- Genre: Reality
- Created by: Off the Radar Productions
- Presented by: June Sarpong
- Country of origin: United Kingdom
- Original language: English
- No. of series: 1
- No. of episodes: 13

Production
- Running time: 60 minutes (inc. adverts)
- Production company: Talkback Thames

Original release
- Network: ITV2
- Release: 30 January – 24 April 2007

= WAGs Boutique =

ITV2 reality television show

WAGs Boutique is a reality television show on ITV2 in which two teams of WAGs (footballers' wives and girlfriends) ran two rival fashion boutiques over a three-month period.

==Format==
Ten women are split into two teams, both of which run neighbouring boutiques. The contestants have to think of a boutique name, decorate the boutiques themselves and choose every single item of stock. They run the boutiques themselves, with only the occasional word of advice from their mentors. Each week, a manager for each boutique is chosen and a challenge is set. The manager then has to select two contestants to leave the shop and complete the challenge. During the 3 months, the contestants compete for their team's chosen charity; all profit the boutiques made are sent to the charity.

The winning team is the group which obtains the most profit. There was also a winning contestant, who was originally going to get to work with fashion designer Scott Henshall to design her own high street range of fashion, however, the winner of series one, Krystell Sidwell, did not receive this prize, but instead was awarded a column in Reveal Magazine.

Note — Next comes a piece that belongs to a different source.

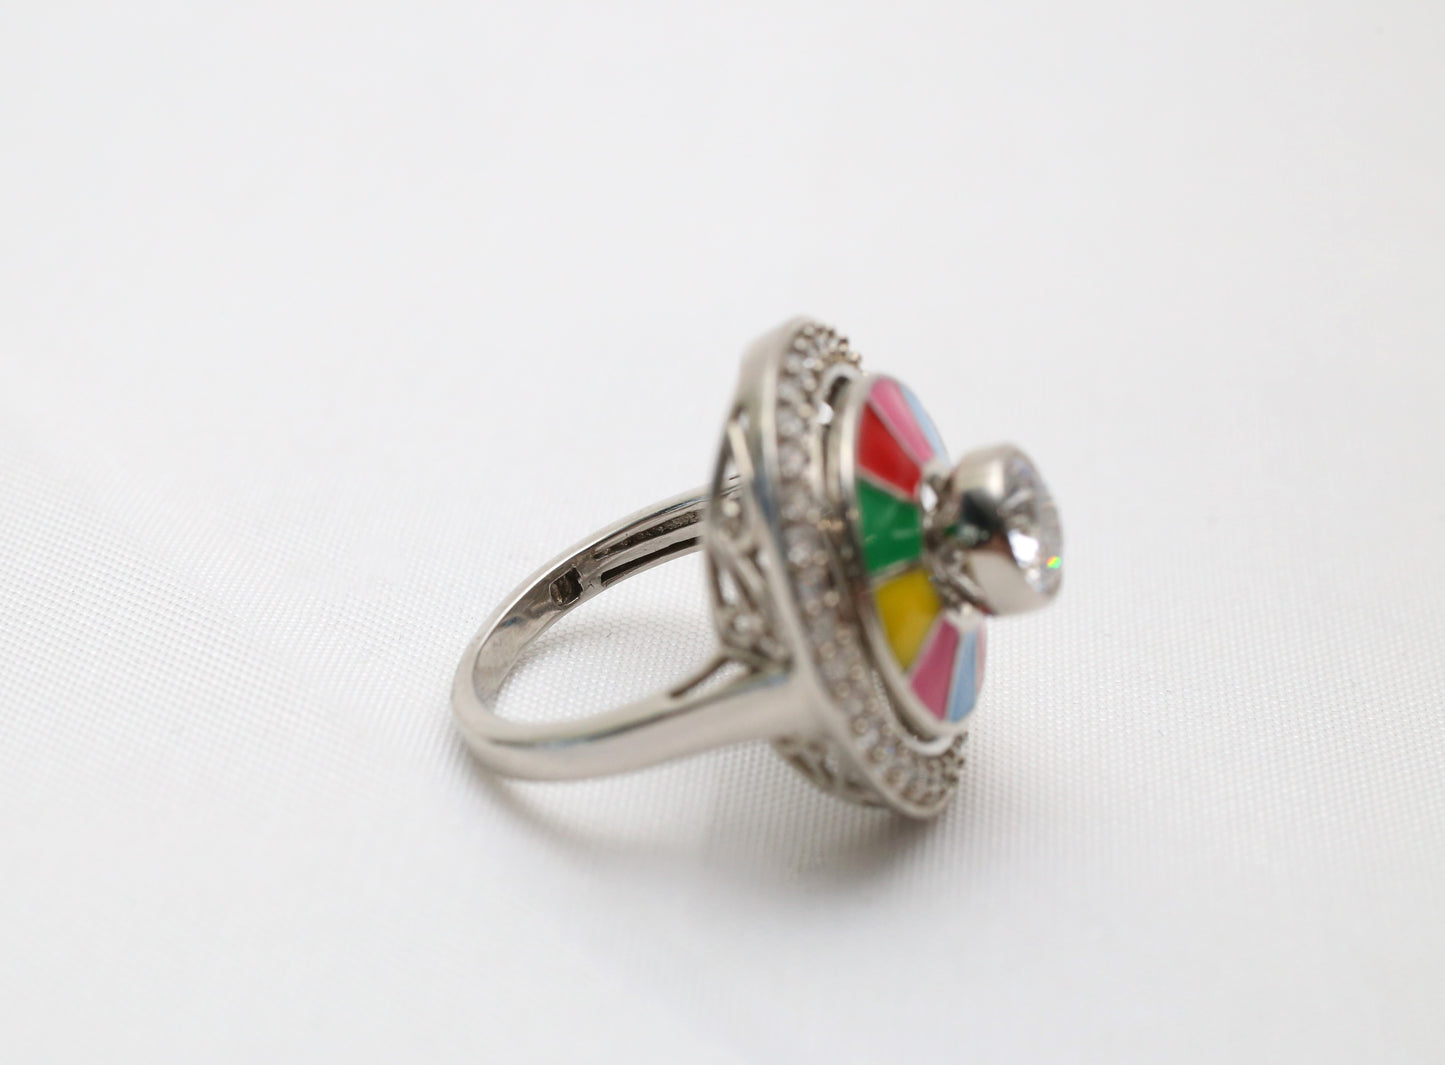 D'Joy Sterling Silver CZ Spinning Color Wheel Ring, Size 8.25 - 10.0g

The format was devised, and is owned by Nathan Carey a producer based in London, formerly of Off The Radar. The pre-production name of FW Boutique was changed to WAGs Boutique and the show commenced broadcasting on Tuesday, 30 January 2007 and ended on Tuesday, 24 April 2007 on ITV2. Wags Boutique is hosted by the presenter of Channel 4's youth show T4, June Sarpong. The series was co-produced by Soho-based production agency, Off the Radar and Talkback Thames.

The series raised over £500,000 for two charities - Great Ormond Street Hospital and The Willow Foundation.

Over 60,000 viewers visited the shops in just 30 days of trading.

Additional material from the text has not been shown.